Когда я, прихрамывая, вхожу в комнату, Джулиан встречает меня церемонным поклоном, как между нами заведено, но рыжеватые брови досадливо сдвинуты:

— Что тут скажешь, Флора? Если в жилах течет дурная, порченая кровь, она рано или поздно даст о себе знать.

— Кого вы имеете в виду? — холодея, переспрашиваю я.

— Моего племянника, кого же еще.

Какое облегчение приносит мне его ответ!

— Отец Марселя приехал в Ирландию учиться хлопкопрядильному делу, а в итоге соблазнил дочь своего наставника. А теперь Марсель назначает девице свидание в полночь, да еще накануне своего отъезда во Францию.

— Так он уехал во Францию? В разгар таких событий?

Из вчерашнего выпуска «Таймс» мы узнали, что прусские войска стягиваются к югу Парижа и уже слышны пушечные выстрелы, предвестники массового обстрела французских фортификаций. Если пруссаки войдут в Париж, это будет пострашнее взятия Нового Орлеана войсками янки! Те, по крайней мере, не хотели нас уничтожить. Обескровить, выжав весь капитал, подчистую отнять наш сахар и хлопок, всячески оскорбить дам и унизить господ перед их же рабами — но не стирать Юг с лица земли. Прусская же армия напоминает полчище медведок, что ползет, сжирая все на своем пути. Как можно добровольно сунуться им в пасть?!

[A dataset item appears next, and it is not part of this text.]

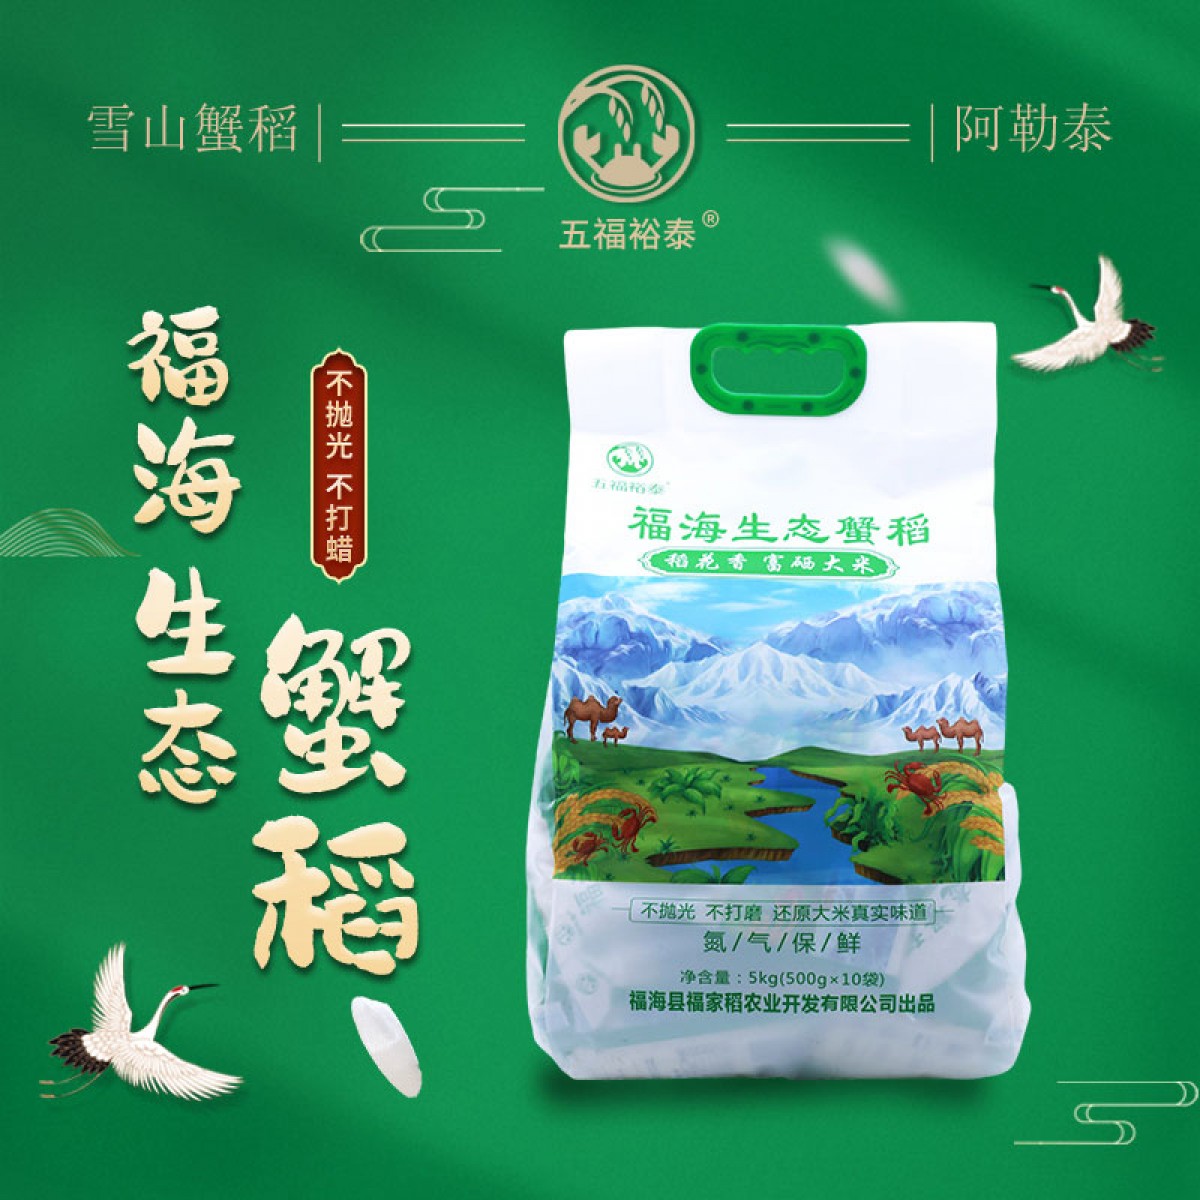 五福裕泰新疆阿勒泰雪山蟹稻生态富硒大米500g×10袋

— А вы как думали? Потому и уехал. Как будто нет иного способа услужить родине, кроме как удобрить ее почву скудными брызгами своих мозгов! — Джулиан возводит очи к потолку, и мне становится радостно, что мы с будущим мужем сходимся во мнениях. — Под моим надзором он мог бы сделать блестящую карьеру здесь, в Лондоне. А что его ждет там, в этой богом забытой стране, которую каждые двадцать лет терзают революции? Как говорится, ломать — не строить.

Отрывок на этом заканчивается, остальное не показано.